DIRECTIONS:
Looking at the entries below, state how many lines contain the word "this". Give the number alone.

SUPPLIED RECORDS:
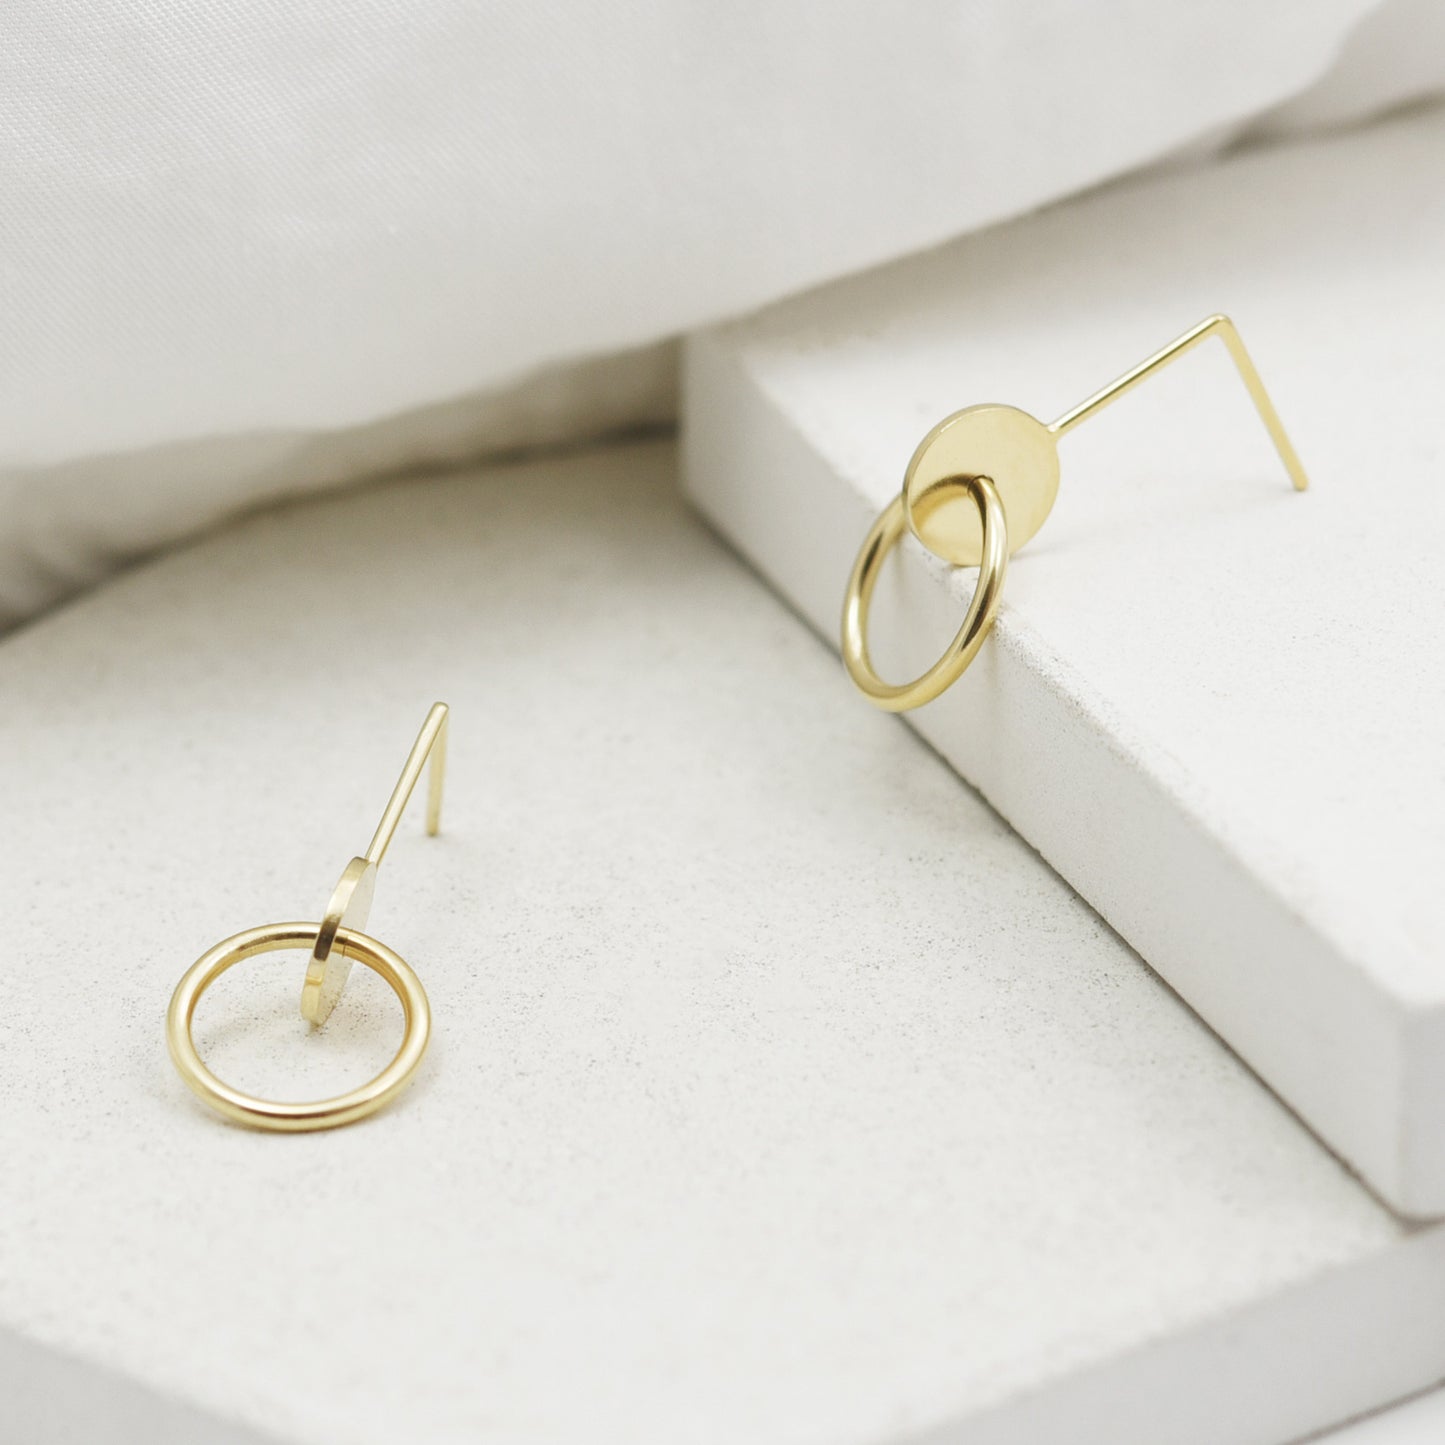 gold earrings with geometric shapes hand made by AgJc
---
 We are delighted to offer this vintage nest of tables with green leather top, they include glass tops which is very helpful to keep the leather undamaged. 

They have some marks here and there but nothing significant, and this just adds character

RESPONSE TO THE TASK:
2